▸ Available data:

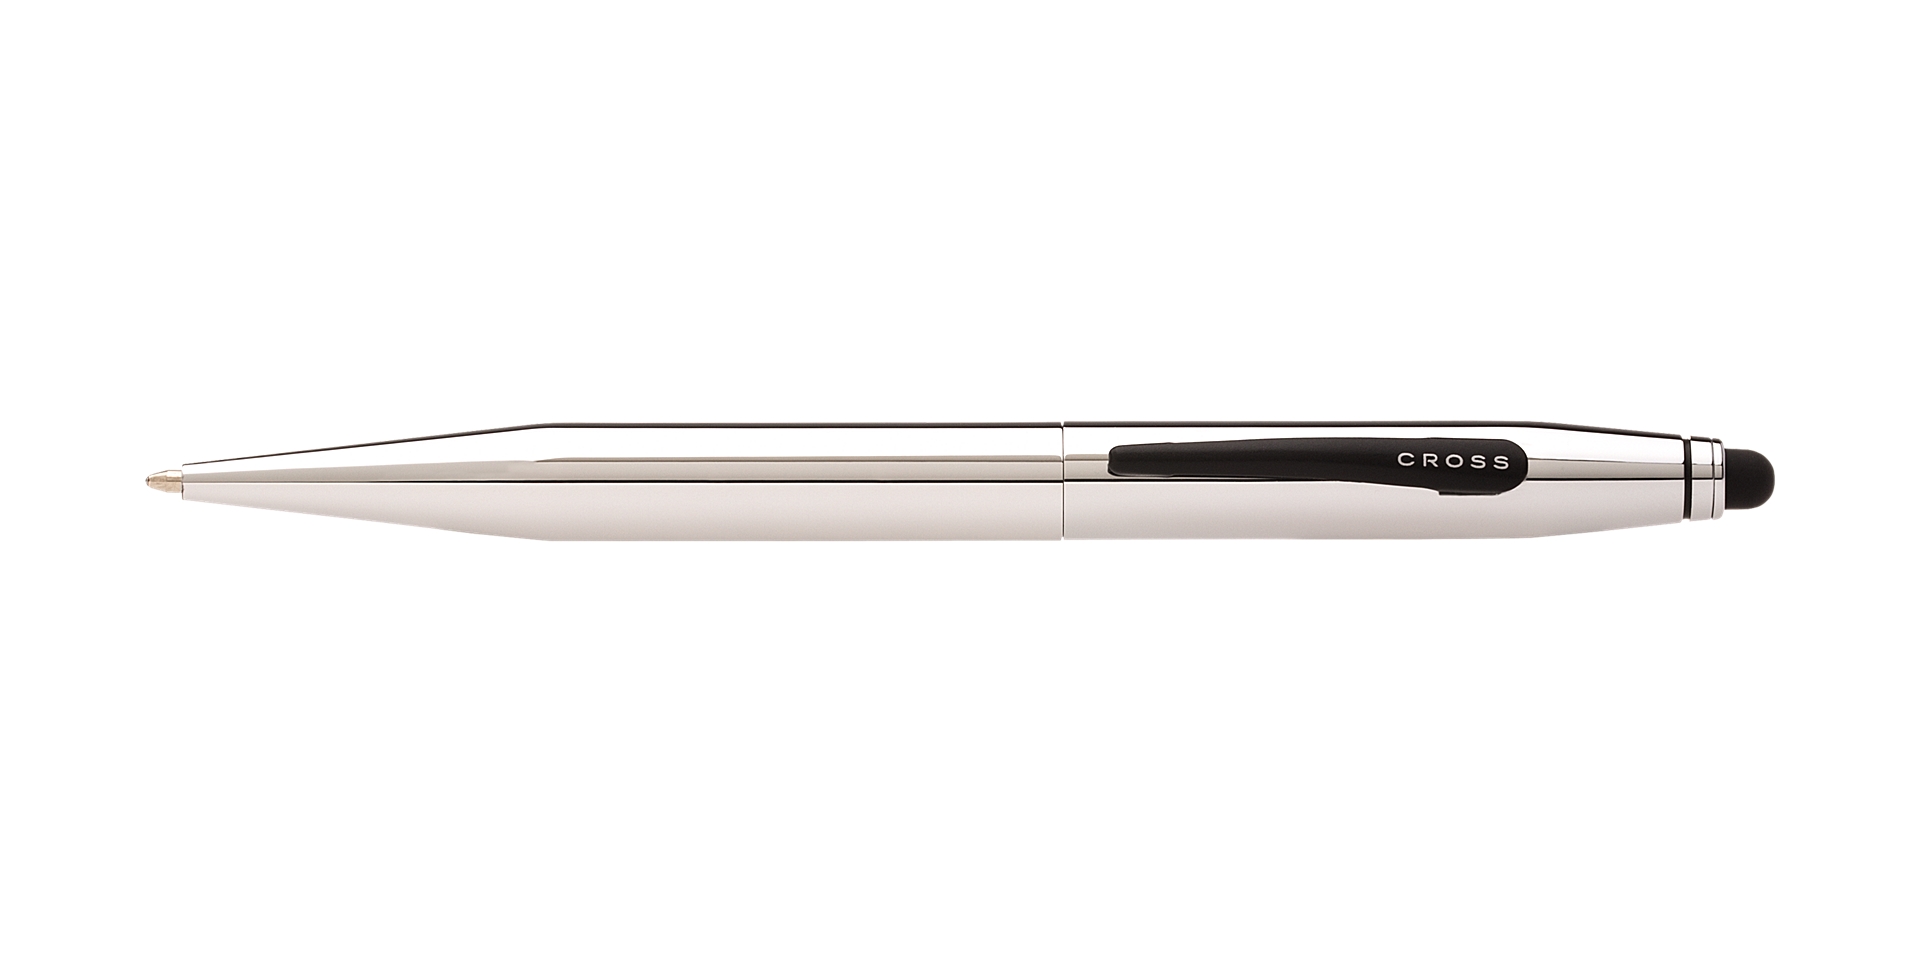  Tech 2 Chrome Ballpoint pen
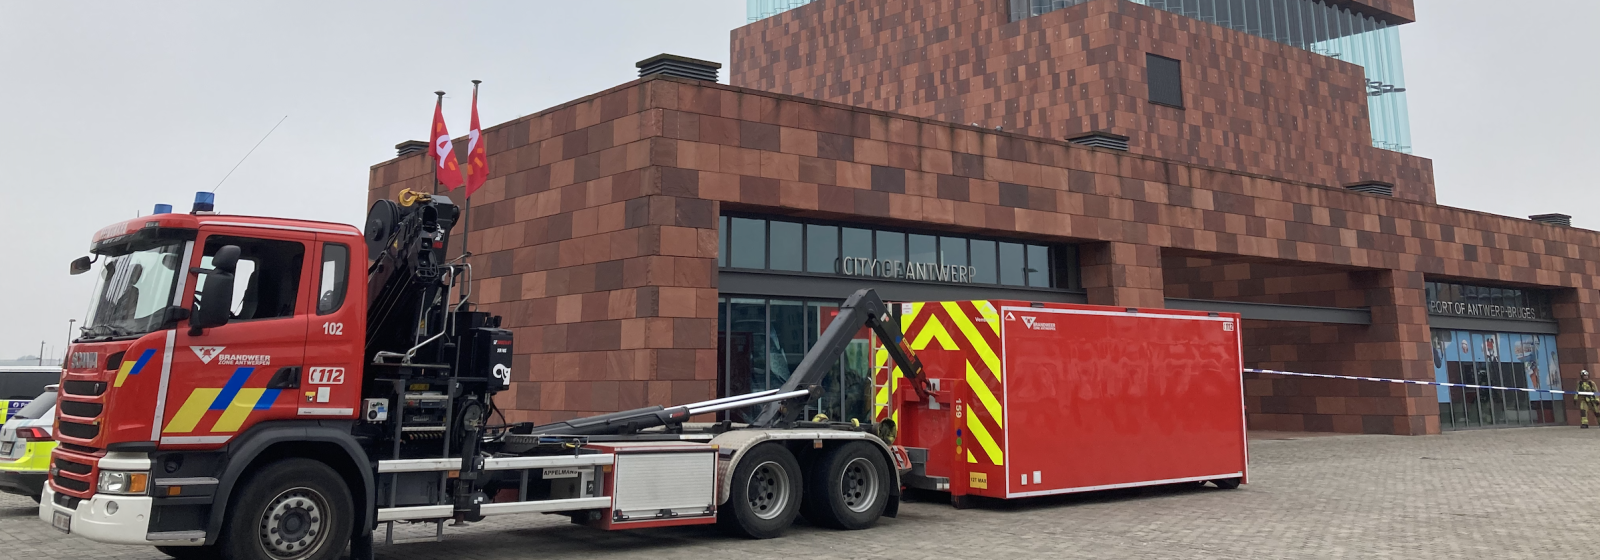 De brandweer van Antwerpen werd opgeroepen voor een ammoniaklek aan het MAS.
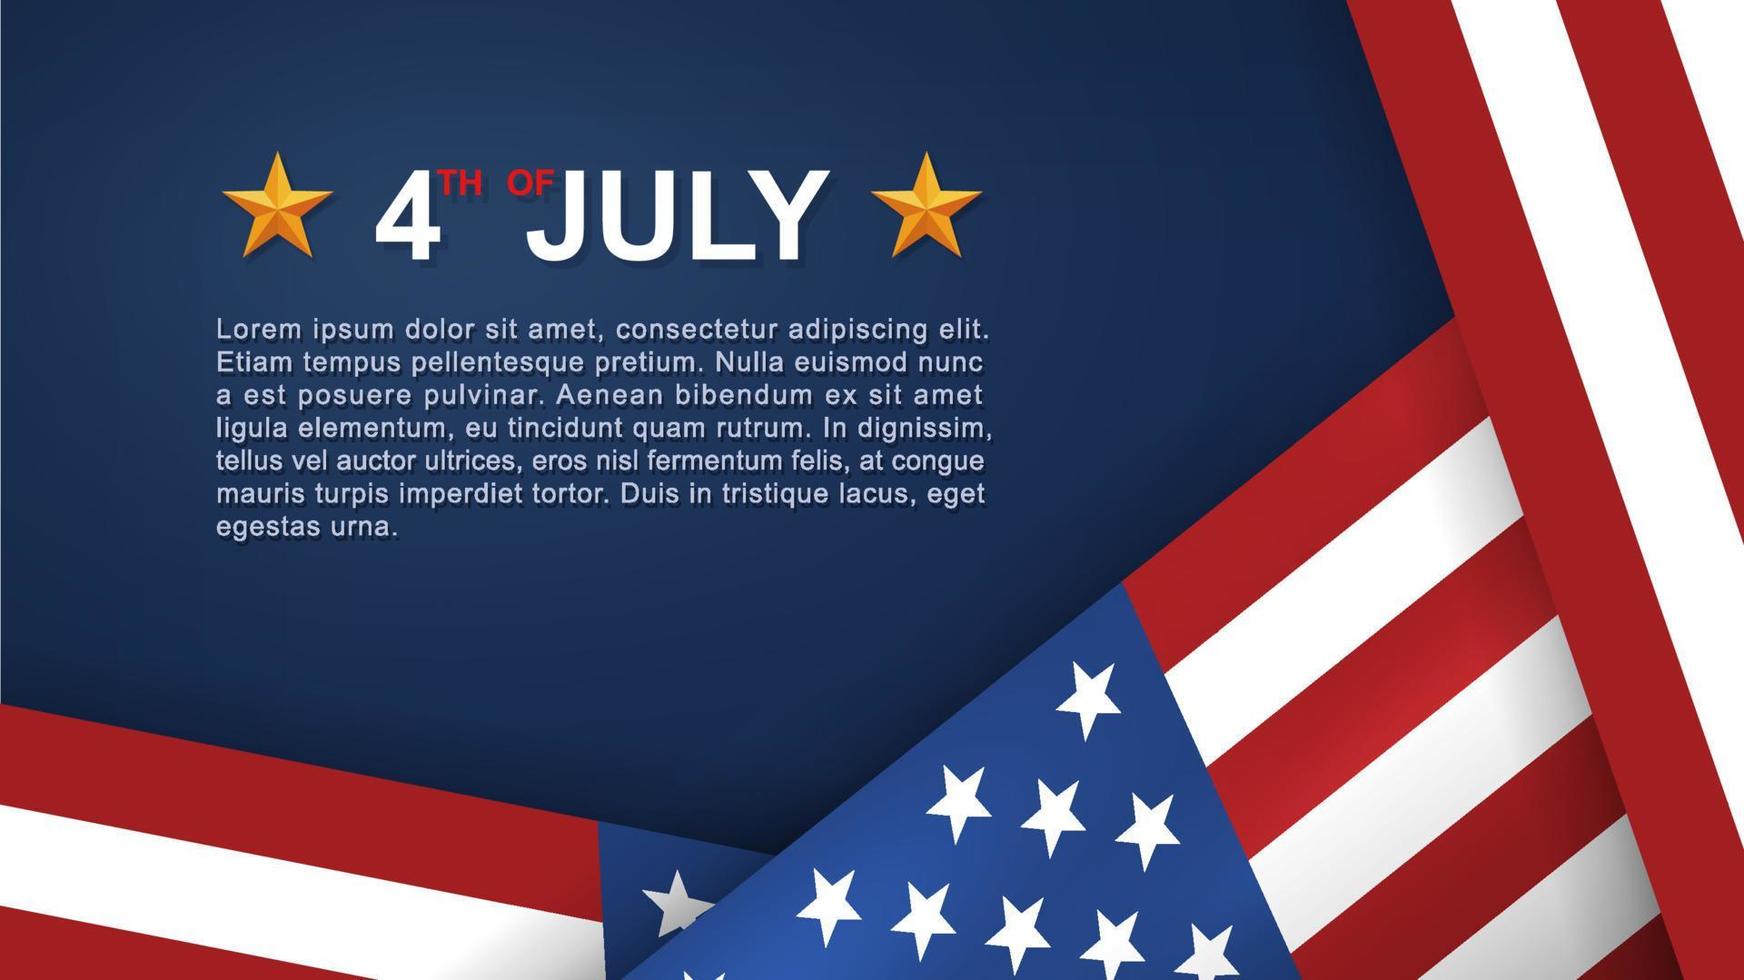 Sfondo del 4 luglio per la festa dell'indipendenza degli stati uniti d'america con sfondo blu e bandiera americana. illustrazione vettoriale. vettore

▸ Exercise requirements: Without including any pictures, reproduce the listing exactly.

▸ Final answer:
  Tech 2 Chrome Ballpoint pen
 De brandweer van Antwerpen werd opgeroepen voor een ammoniaklek aan het MAS.
 Sfondo del 4 luglio per la festa dell'indipendenza degli stati uniti d'america con sfondo blu e bandiera americana. illustrazione vettoriale. vettore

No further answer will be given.